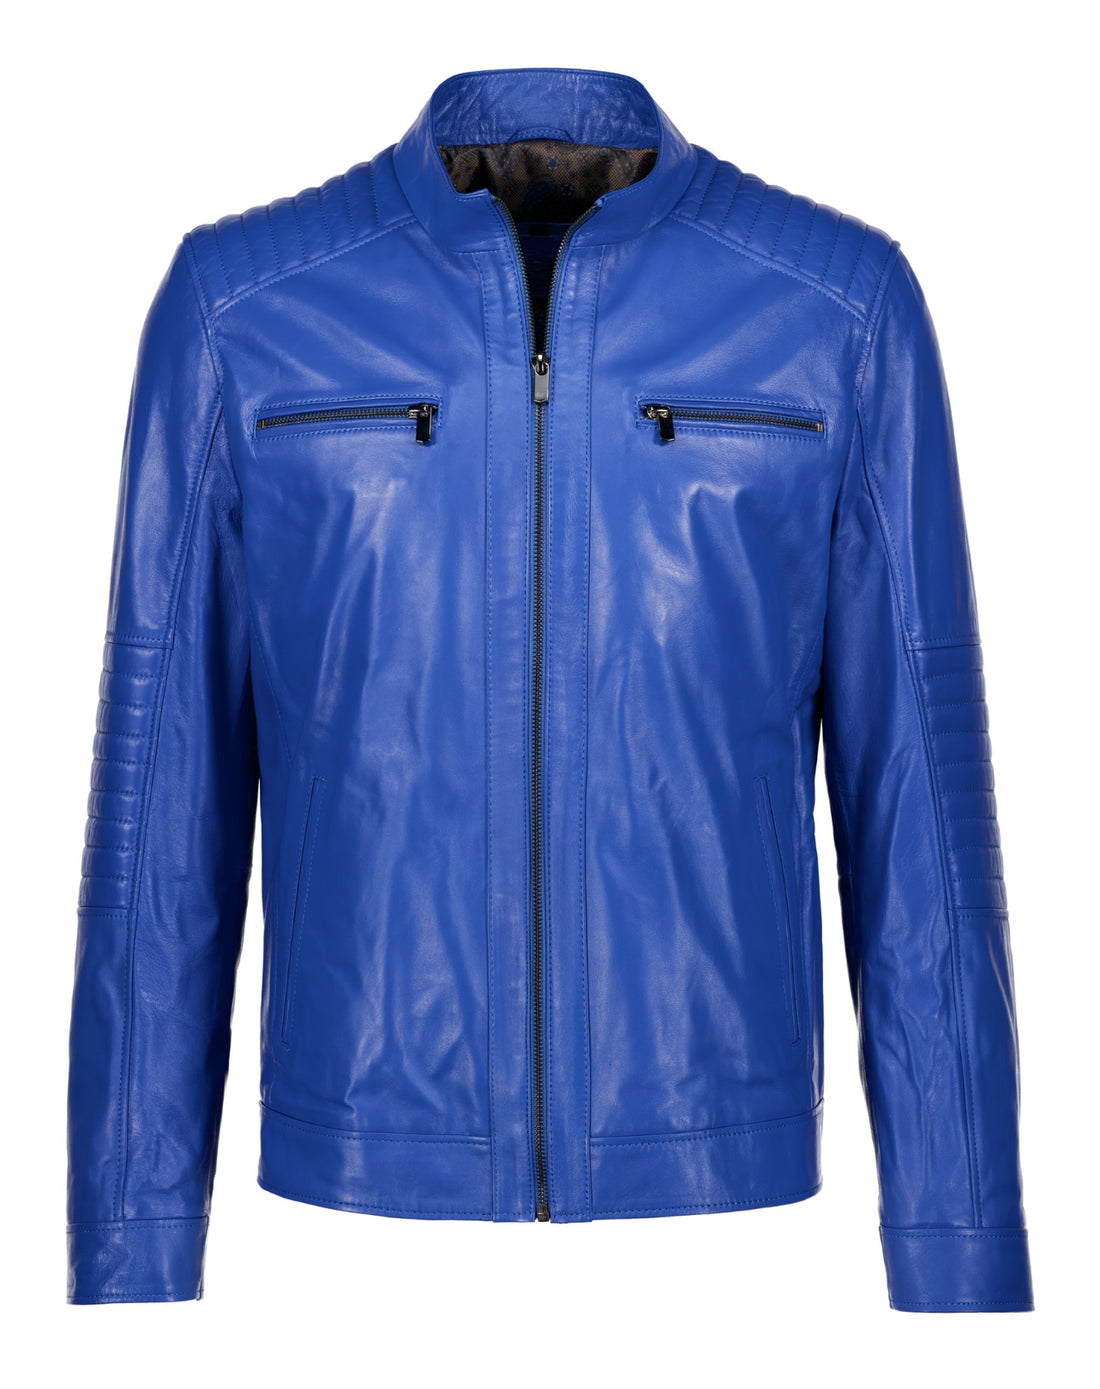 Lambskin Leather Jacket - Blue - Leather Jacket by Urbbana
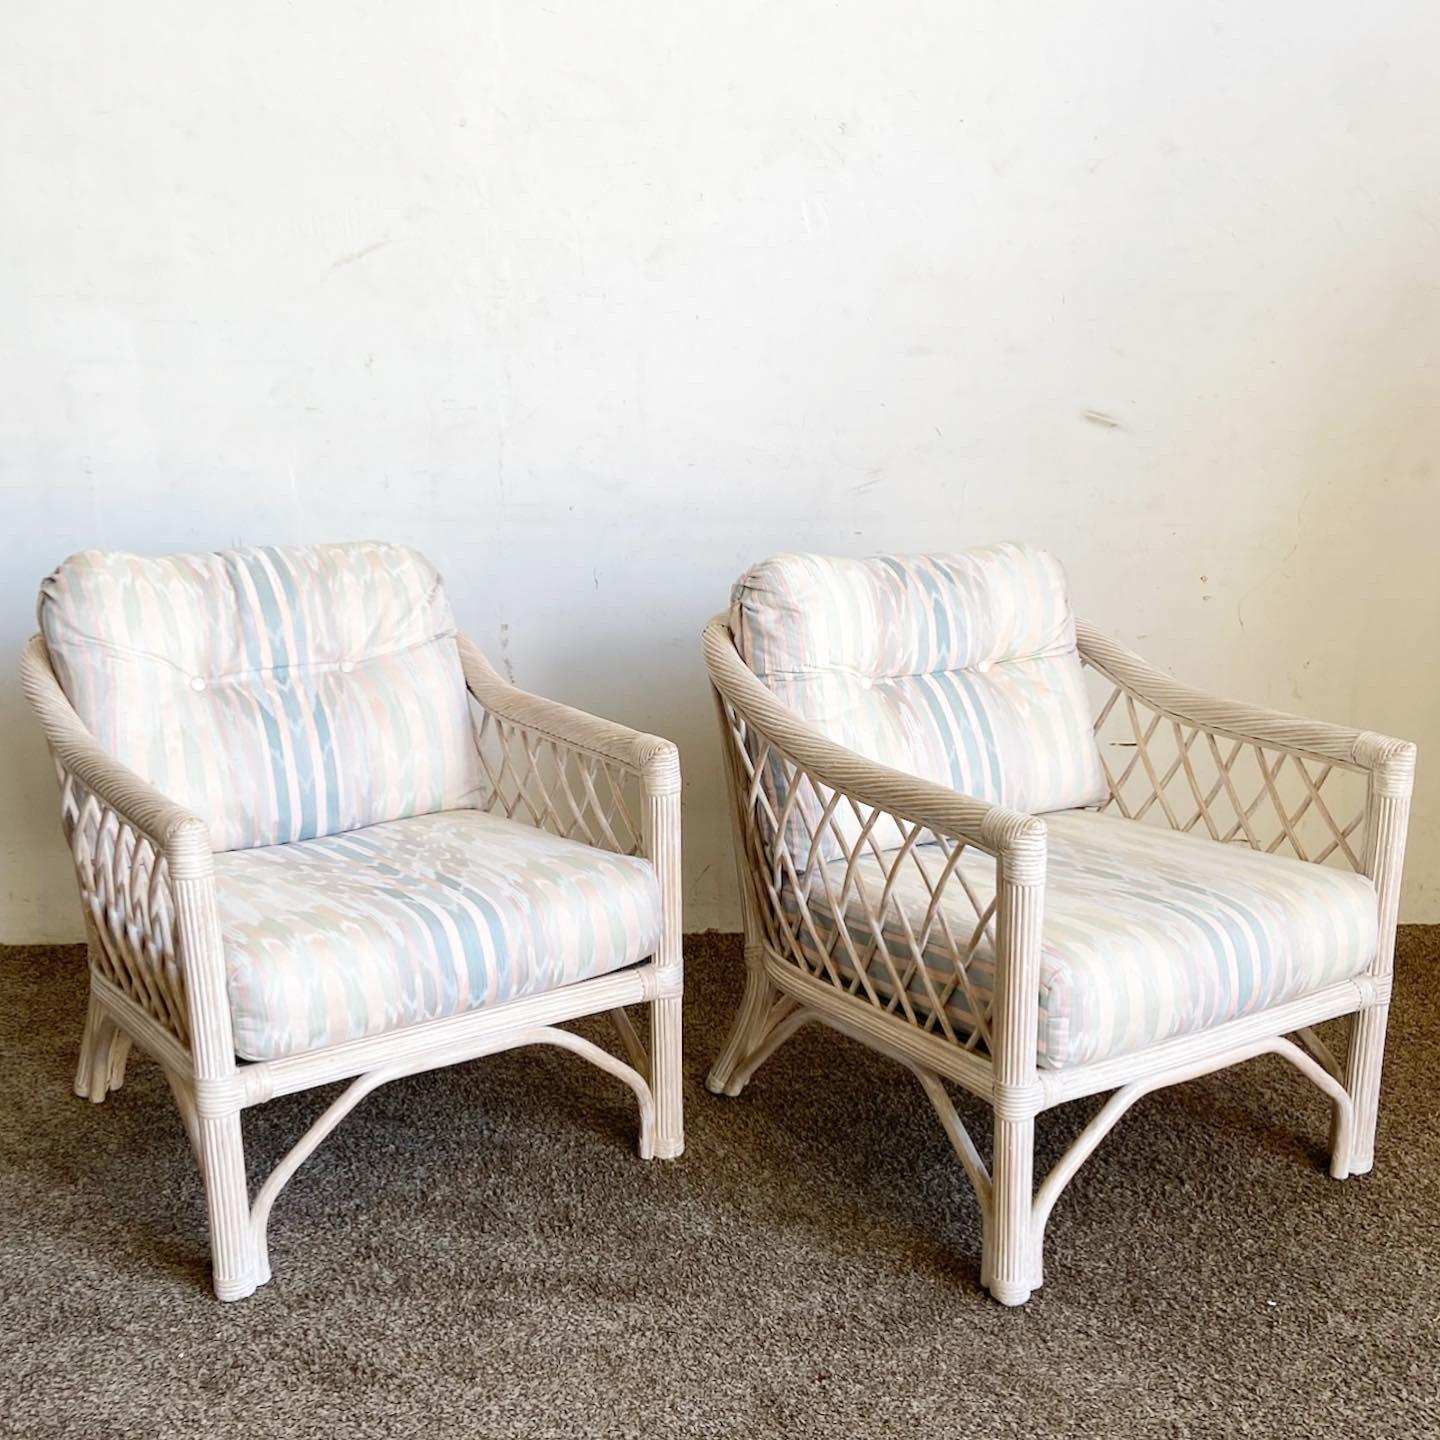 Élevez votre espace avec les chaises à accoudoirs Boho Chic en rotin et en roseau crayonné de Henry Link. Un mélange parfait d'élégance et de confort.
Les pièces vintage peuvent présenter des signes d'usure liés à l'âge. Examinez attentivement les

◆ **WORK TASK**
Would you restate the listing word for word and leave every picture out?

◆ **COMPLETED TASK**
 Lambskin Leather Jacket - Blue - Leather Jacket by Urbbana
 Élevez votre espace avec les chaises à accoudoirs Boho Chic en rotin et en roseau crayonné de Henry Link. Un mélange parfait d'élégance et de confort.
Les pièces vintage peuvent présenter des signes d'usure liés à l'âge. Examinez attentivement les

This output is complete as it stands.